Cover-ups and withholding ballot information: same old Republican tricks

By Carla Binion


December 12, 2000 | Sociologist Max Weber once said that the first line of defense of any bureaucracy is the withholding of information. George W. Bush's team includes some of his dad's cronies, such as James Baker, George Schultz, and Richard Thornberg. None of them are strangers to withholding information as a means of defending corruption.

It makes sense that the Bush team now argues against counting the ballots. They have long favored secrecy over disclosure.

George H. W. Bush was CIA Director in the mid-1970s. The CIA, and George W.'s dad, are no strangers to rigged elections—in Third World countries.

In 1984, when Manuel Noriega chose Nicolas Barletta to be Panama's president, the Reagan/Bush administration knew the election was rigged, that ballot boxes were stuffed, and that documents were falsified. (Imperial Alibis, Stephen R. Shalom, South End Press, 1993.)

Under Reagan/Bush, the U. S. government funneled money to Barletta's campaign. Following the vote fraud, U. S. aid to Panama grew from $12 million to $75 million. After the "election," Reagan invited Barletta to the White House to congratulate him on his win. (Imperial Alibis.)

Secretary of State George Schultz, adviser to George W. in Campaign 2000, attended Barletta's inauguration and lauded Panama's "democratization." (Unreliable Sources, Norman Solomon and Martin A. Lee, Carol Publishing Group, 1992.)

Bush team adviser and daddy-Bush crony, James Baker, said recently that the team is not trying to "run out the clock" regarding ballot counting. However, Baker was part of the Reagan administration when the Reagan/Bush crew used delay tactics to evade responsibility for Iran-contra.

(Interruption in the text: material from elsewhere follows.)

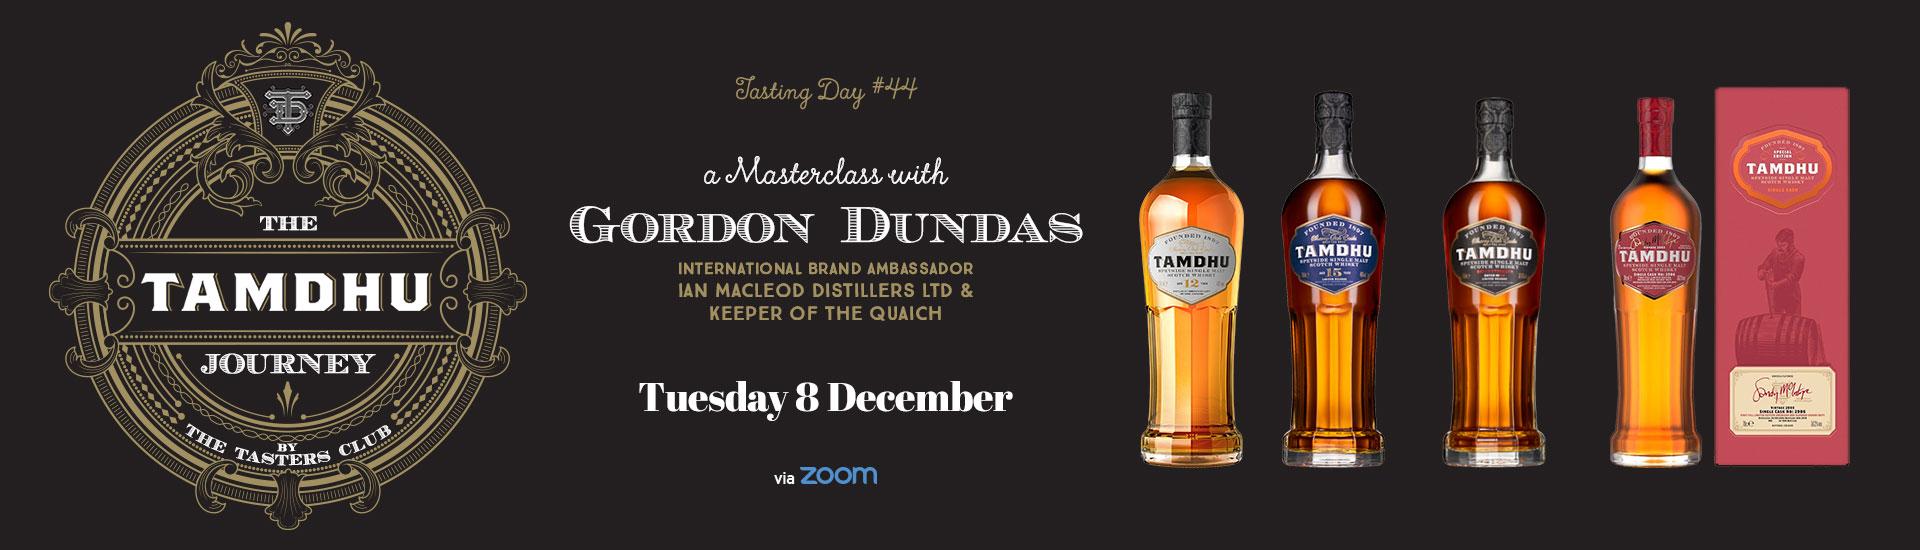 The Tasters Club Tasting Day 44 Tamdhu whisky tasting Gordon Dundas masterclass

Remember how George H. W. Bush got away with his Iran-contra misdeeds? Reagan's attorney general, Richard Thornburgh (another current member of George W.'s team), claimed that certain Iran-contra evidence—including names and locations that had already been published in the press—were government secrets too sensitive to reveal in court. Independent prosecutor Lawrence Walsh called them "fictional secrets." In addition, the Reagan-Bush team stonewalled endlessly. They delayed releasing critical records to the court and hid personal notes. (Blank Check, Tim Weiner, 1990.)

Journalist Tim Weiner says that by hiding key evidence behind a cloak of government secrecy "the Justice Department drove a stake into the heart of the criminal cases against North, Poindexter and Secord. It effectively prevented the independent prosecutor appointed to try the cases from functioning independently." (Blank Check, Weiner.)

George H. W. Bush participated in a cover-up again after he became president by arbitrarily pardoning his cronies. CNN political analyst William Schneider said Bush pardoned his political allies "for illegal activities in which he himself may have been implicated." (Lawrence Walsh, Firewall, 1997.)

Recently Supreme Court members (some appointed by George W.'s dad) stopped the ballot recount. Reagan appointee, Justice Antonin Scalia, said counting the votes might harm Bush by "casting a cloud" on his legitimacy.

That is not the first time in recent history that the Supreme Court ruled against the public's right to know. When Public Citizen filed a Freedom of Information Act request to examine a domestic CIA operation, MKULTRA, the CIA refused to release the documents. In 1985, the Supreme Court ruled for the CIA. The Court held that "Congress vested in the Director of Central Intelligence very broad authority to protect all sources of intelligence information from disclosure." (A Culture of Secrecy, Athan G. Theoharis, University Press of Kansas, 1998.)

A Bush win will always appear illegitimate unless the votes are counted. The public already knows enough about the Bush team's history, tactics and values to raise questions about the candidate's legitimacy. For example:

 (1) We know that certain Bush team members have no particular respect for the law, considering their participation in, and cover-up of, their Iran-contra involvement.

 (2) We know that some Bush team members (and certain members of the CIA) have little love for democracy—at least not for democracy in Third World countries.

The question is, do those members of the Bush team respect American election law and American democracy? Do they see any difference between elections and democracy in the Third World and in our own? And, one more question that has been asked repeatedly but never answered honestly—why doesn't the Bush team want the ballots recounted unless they are afraid Gore won?